DATASET CONTENT:
Content starts

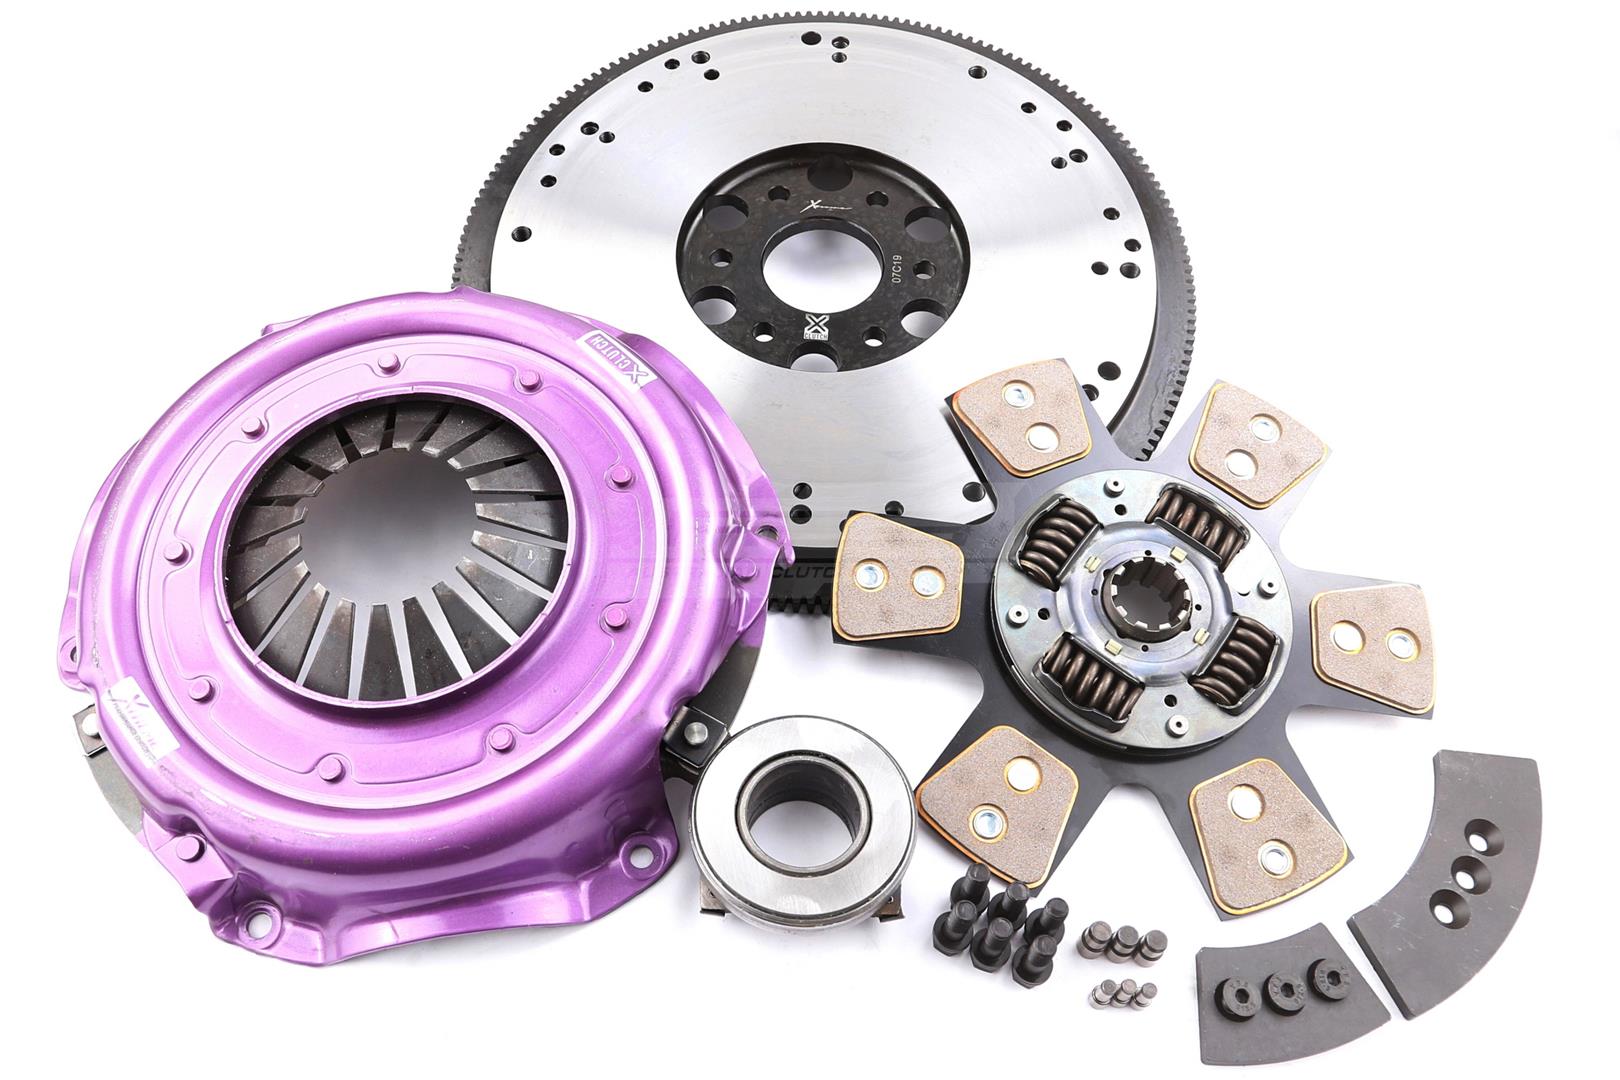 Clutch Kit - Xtreme Performance Heavy Duty Sprung Ceramic Incl Flywheel 940Nm MUSTANG 7.0
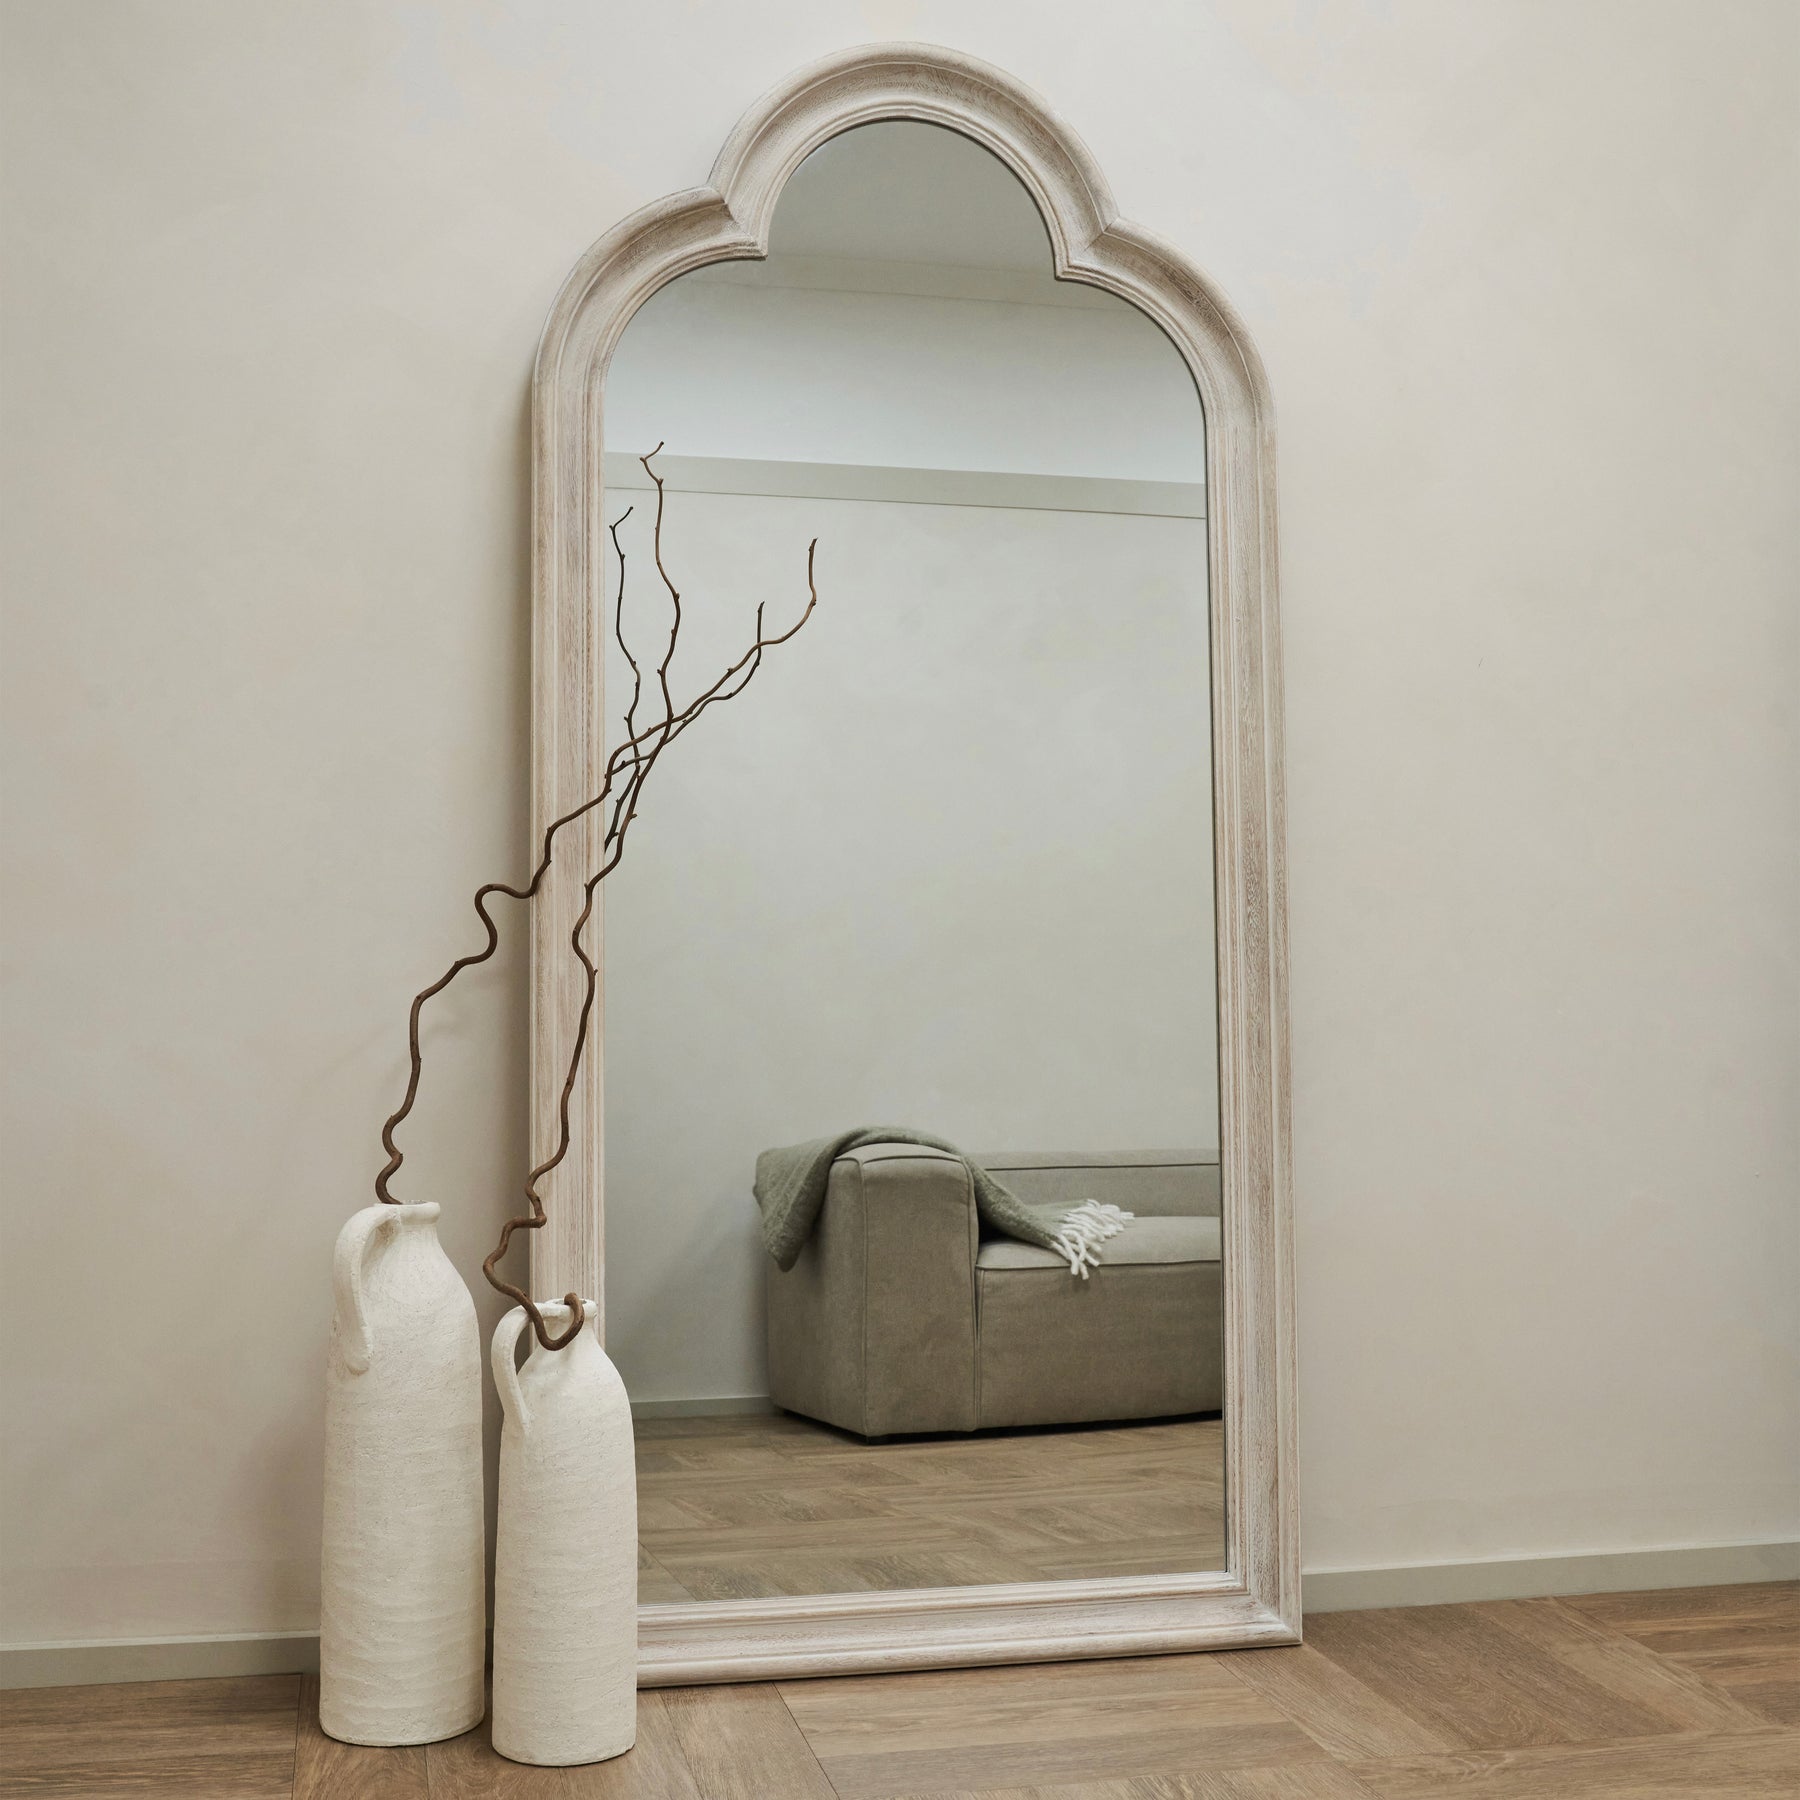 Melilla - White Washed Wood Arched Full Length Mirror 170cm x 80cm
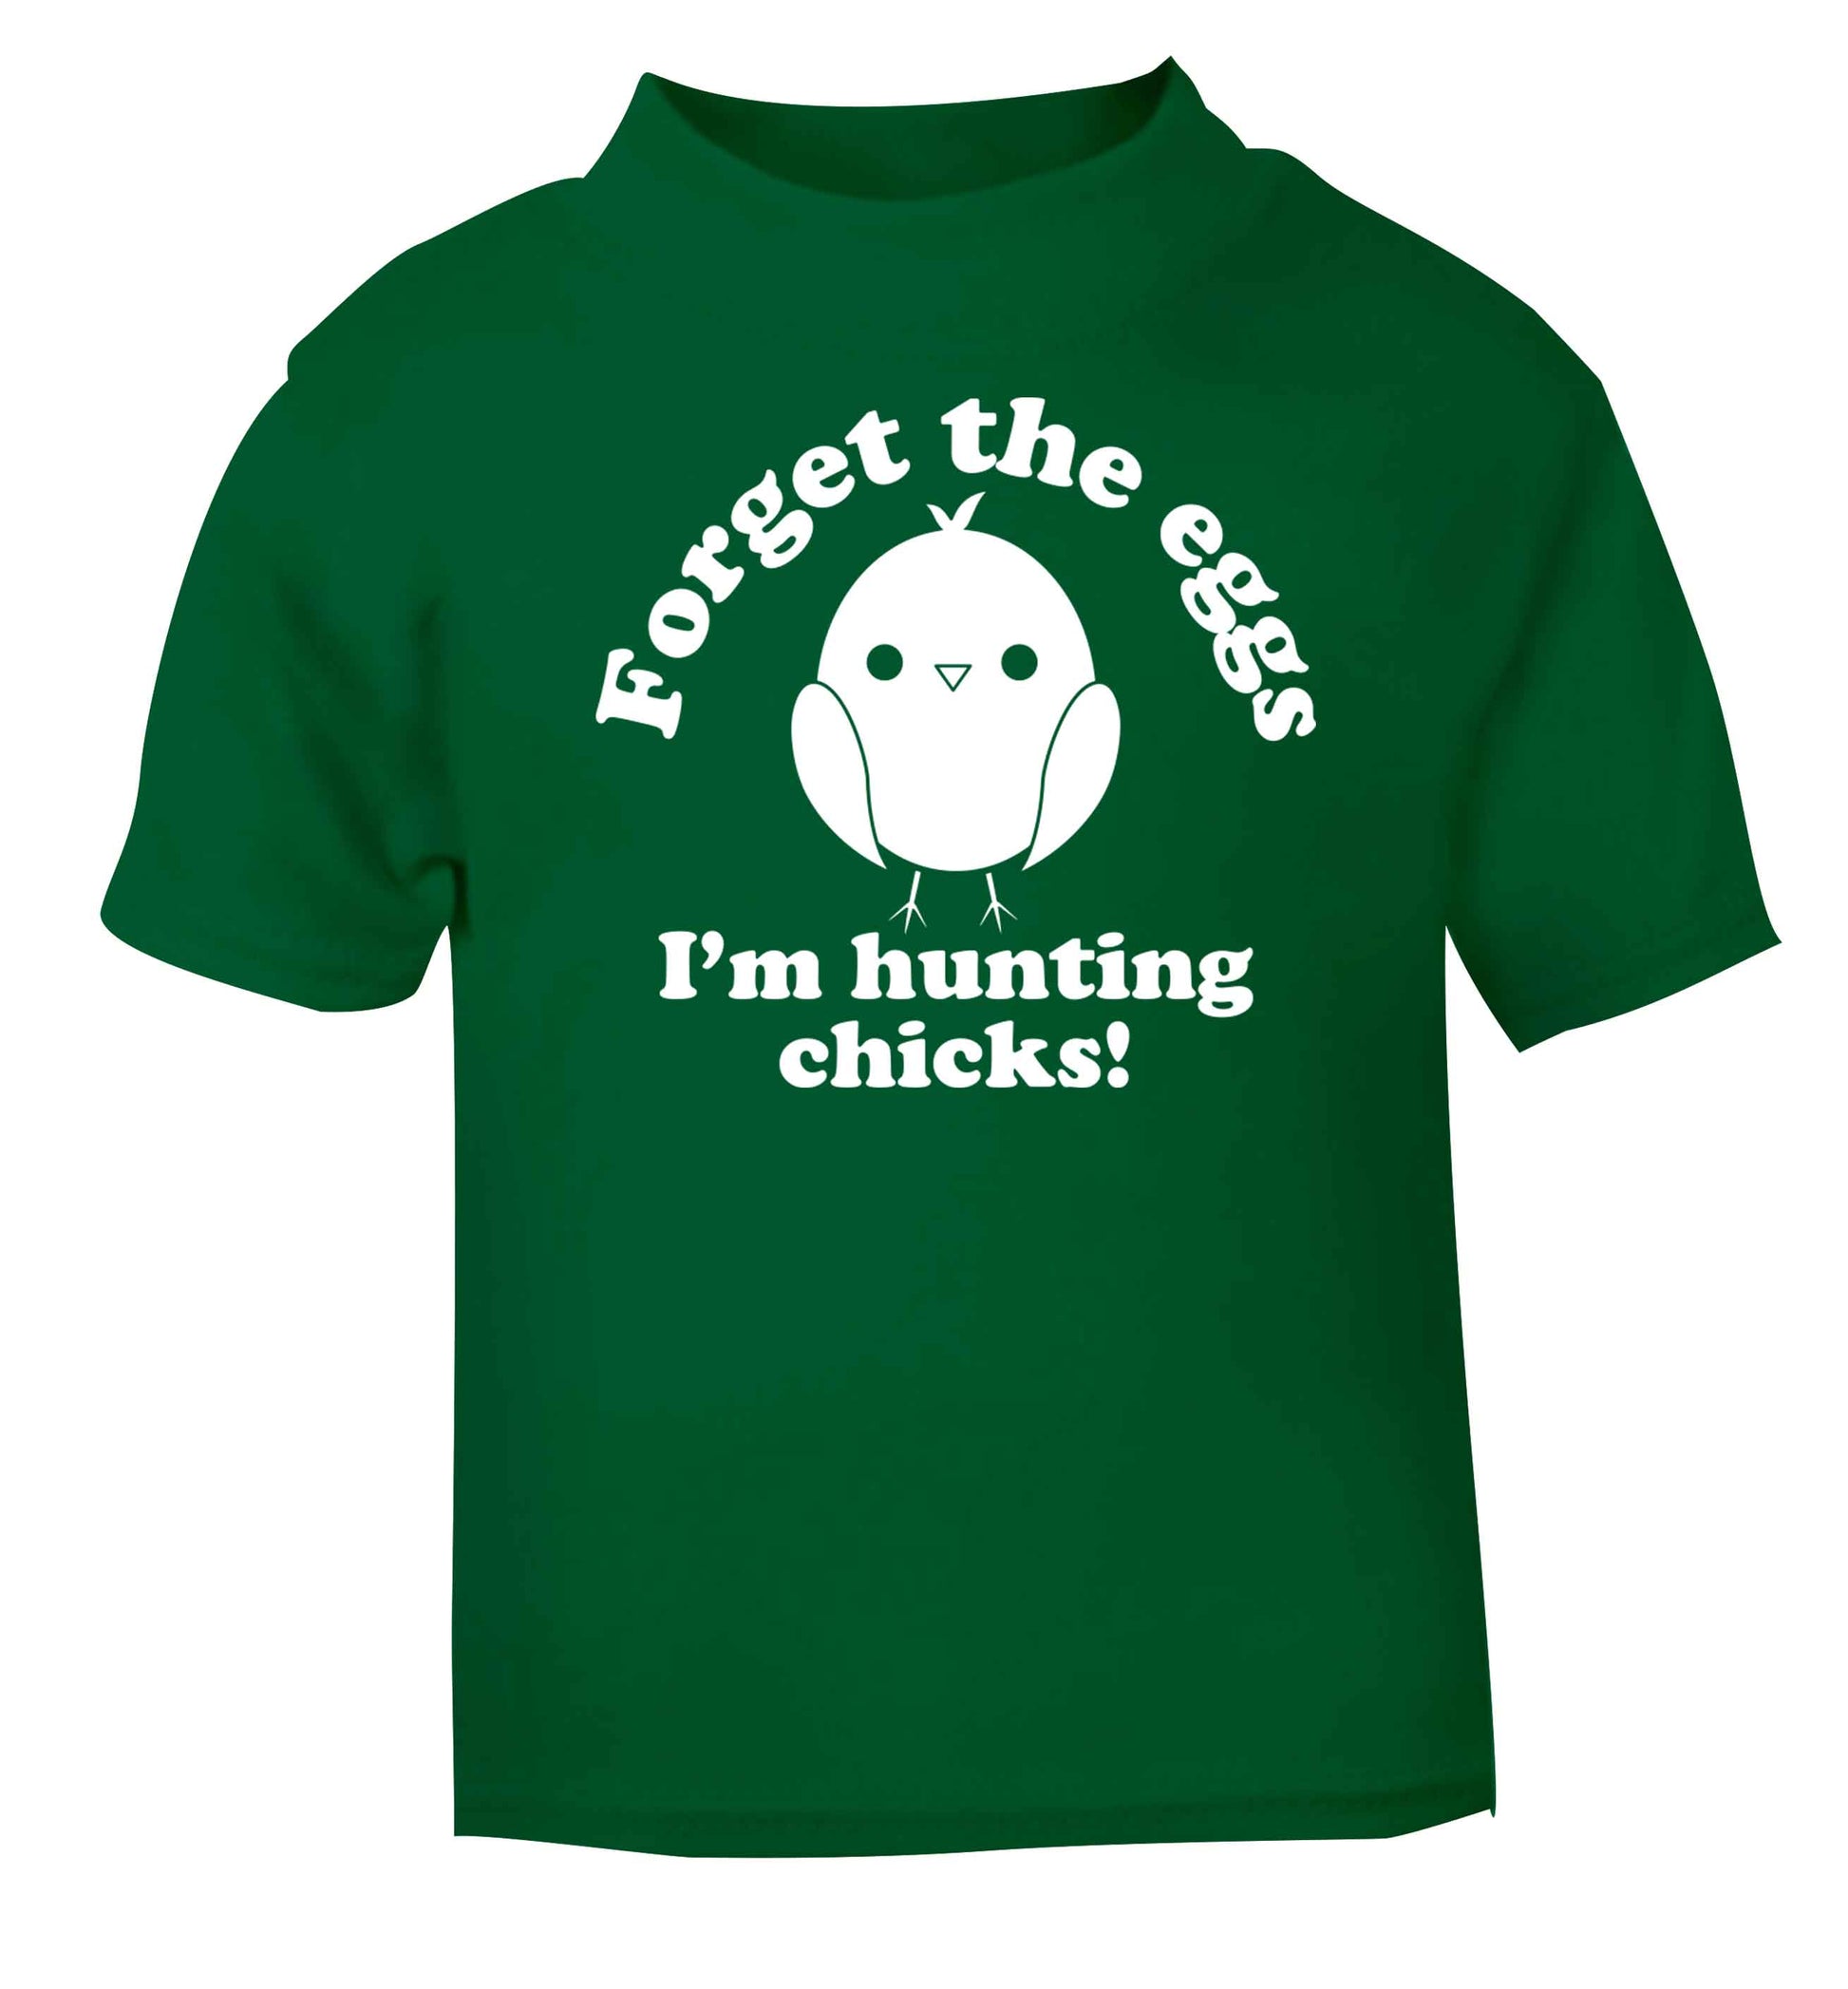 Forget the eggs I'm hunting chicks! green baby toddler Tshirt 2 Years

Content ends

WORK ORDER: What is needed is an exact copy of every line from the one with "Melilla - White" to the end of the listing above, with the pictures left out.

RESULT FOR THIS EXERCISE:
 Melilla - White Washed Wood Arched Full Length Mirror 170cm x 80cm
 Forget the eggs I'm hunting chicks! green baby toddler Tshirt 2 Years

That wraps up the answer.